Strongly reversible classes in $\mathrm{SL}(n,\mathbb{C})$
Krishnendu Gongopadhyay, Tejbir Lohan, Chandan Maity
TL;DR
The work delivers a complete classification of strongly reversible elements in ${$\mathrm{SL}}(n,\mathbb{C})$ by combining Jordan and Weyr form analyses with reversing symmetry groups. It shows that an element $A$ reversible in ${$\mathrm{SL}}(n,\mathbb{C})$ is strongly reversible iff either a block $\mathrm{J}(\mu,2r+1)$ with $\mu\in\{-1,+1\}$ exists or the parity condition on block counts $s+t$ is even, where $s$ counts blocks ${\mathrm{J}}(\mu,4k+2)$ and $t$ counts pairs ${\mathrm{J}}(\lambda,2m+1),{\mathrm{J}}(\lambda^{-1},2m+1)$. The paper also treats semisimple and unipotent cases, provides explicit reversers via matrices like $\Omega(\lambda,n)$ and Weyr-based constructions, and highlights the role of centralizers in GL and SL contexts.
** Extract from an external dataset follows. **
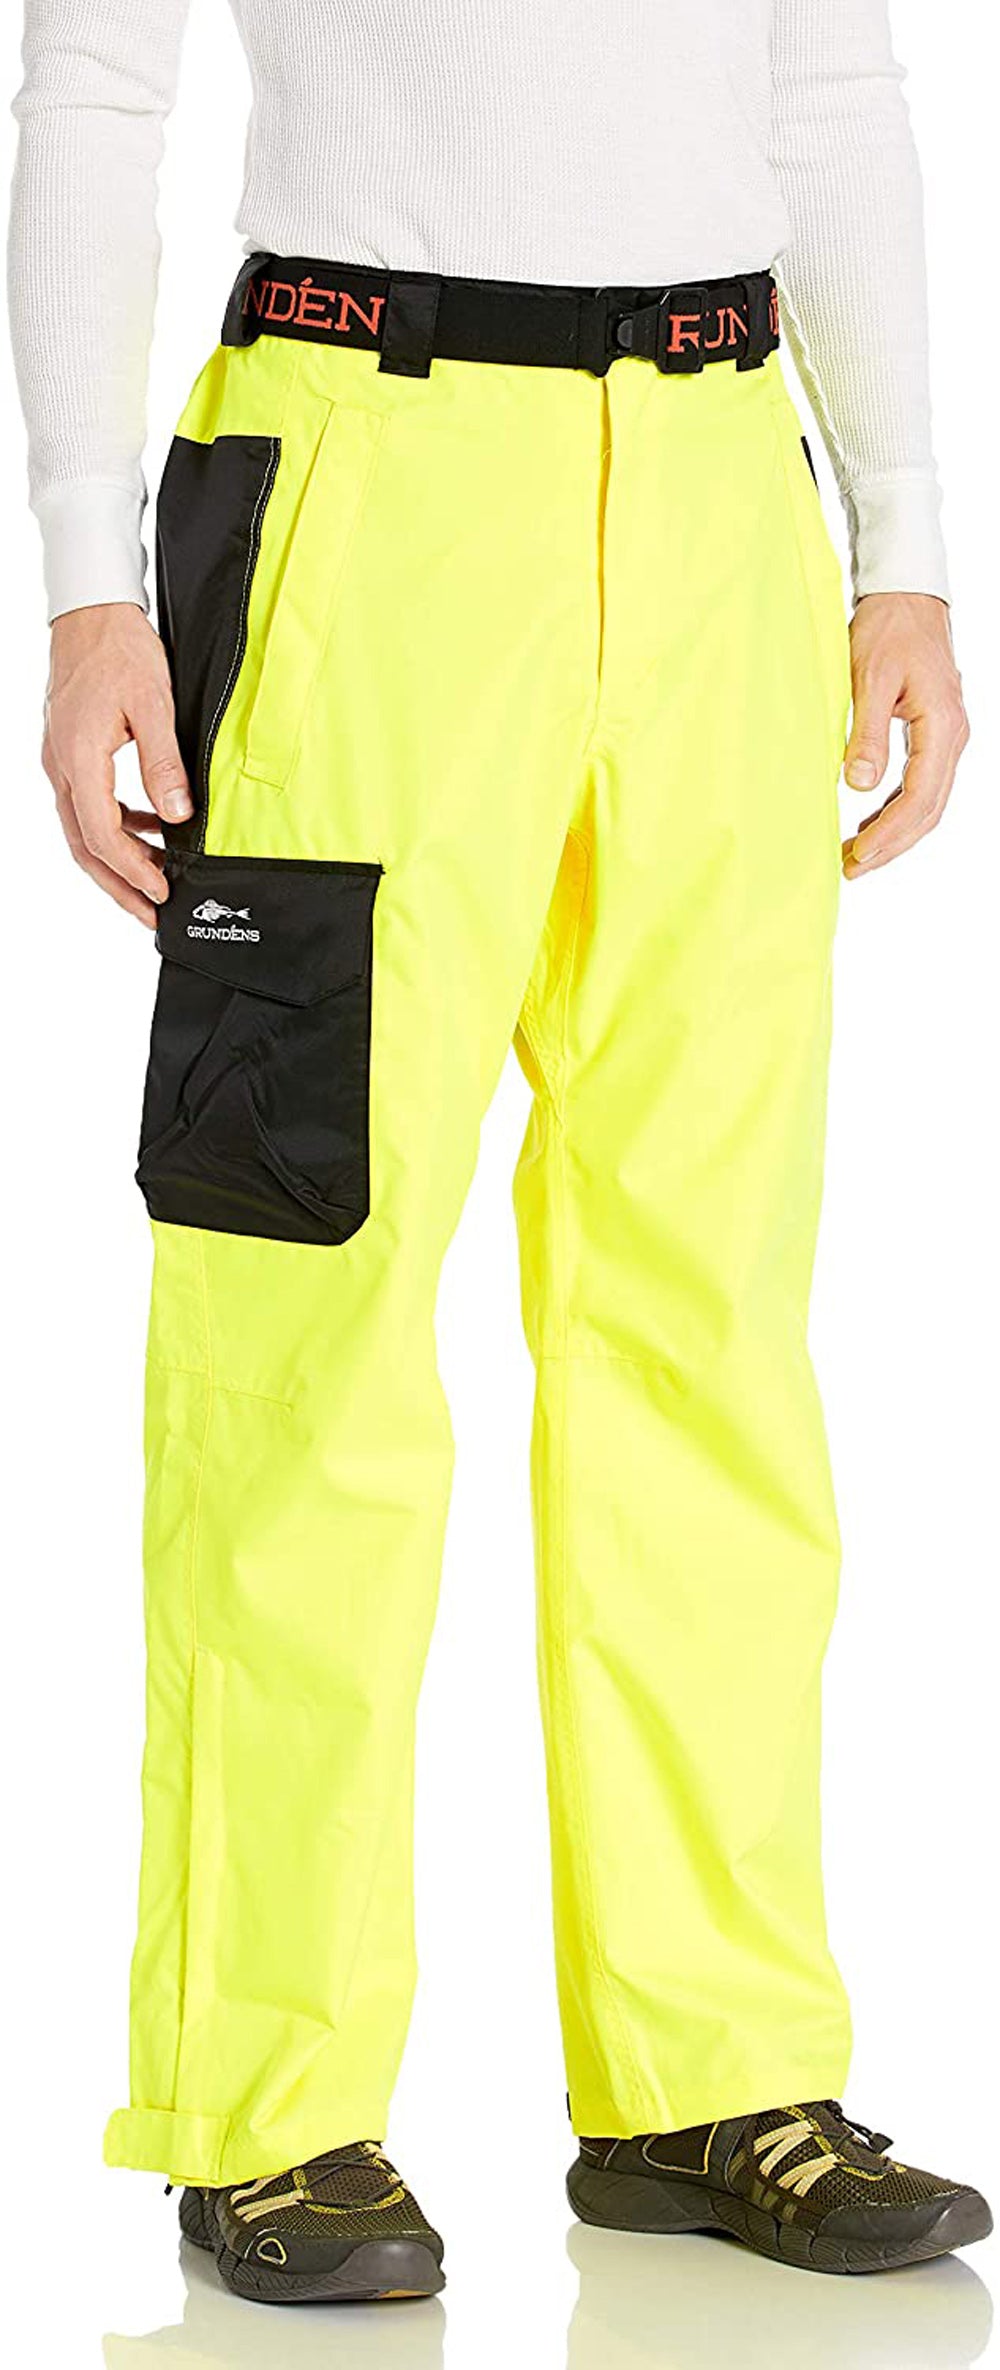 Weather Watch Pant in Hi Vis Yellow color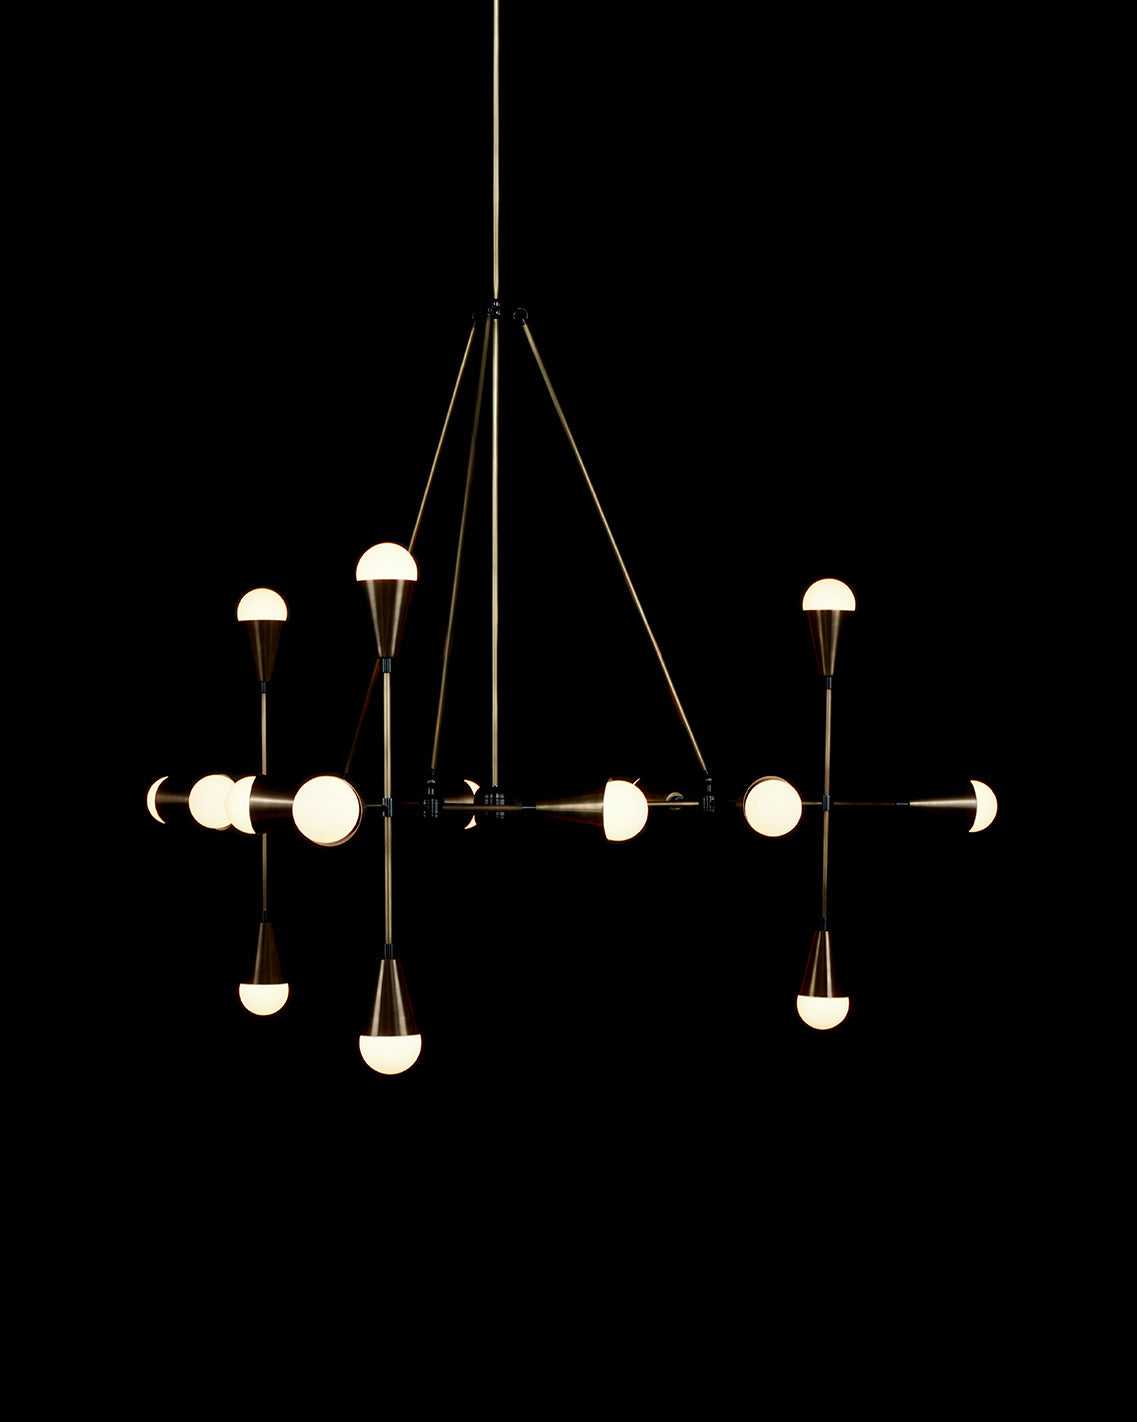 TRIAD : 15 ceiling pendant in Aged Brass and Blackened Brass finish, hanging against a black background.

The results extend prior partial classifications and offer a concrete framework for determining strong reversibility in algebraically closed fields of characteristic not 2, with potential extensions to related affine groups. Overall, the paper delivers a precise, constructive criterion for strong reversibility in ${$\mathrm{SL}}(n,\mathbb{C})$ and advances understanding of reversing symmetry structures in linear groups.
Abstract
An element of a group is called $\textit{strongly reversible}$ or $\textit{strongly real}$ if it can be expressed as a product of two involutions. We provide necessary and sufficient conditions for an element of $\mathrm{SL}(n,\mathbb{C})$ to be a product of two involutions. In particular, we classify the strongly reversible conjugacy classes in $\mathrm{SL}(n,\mathbb{C})$.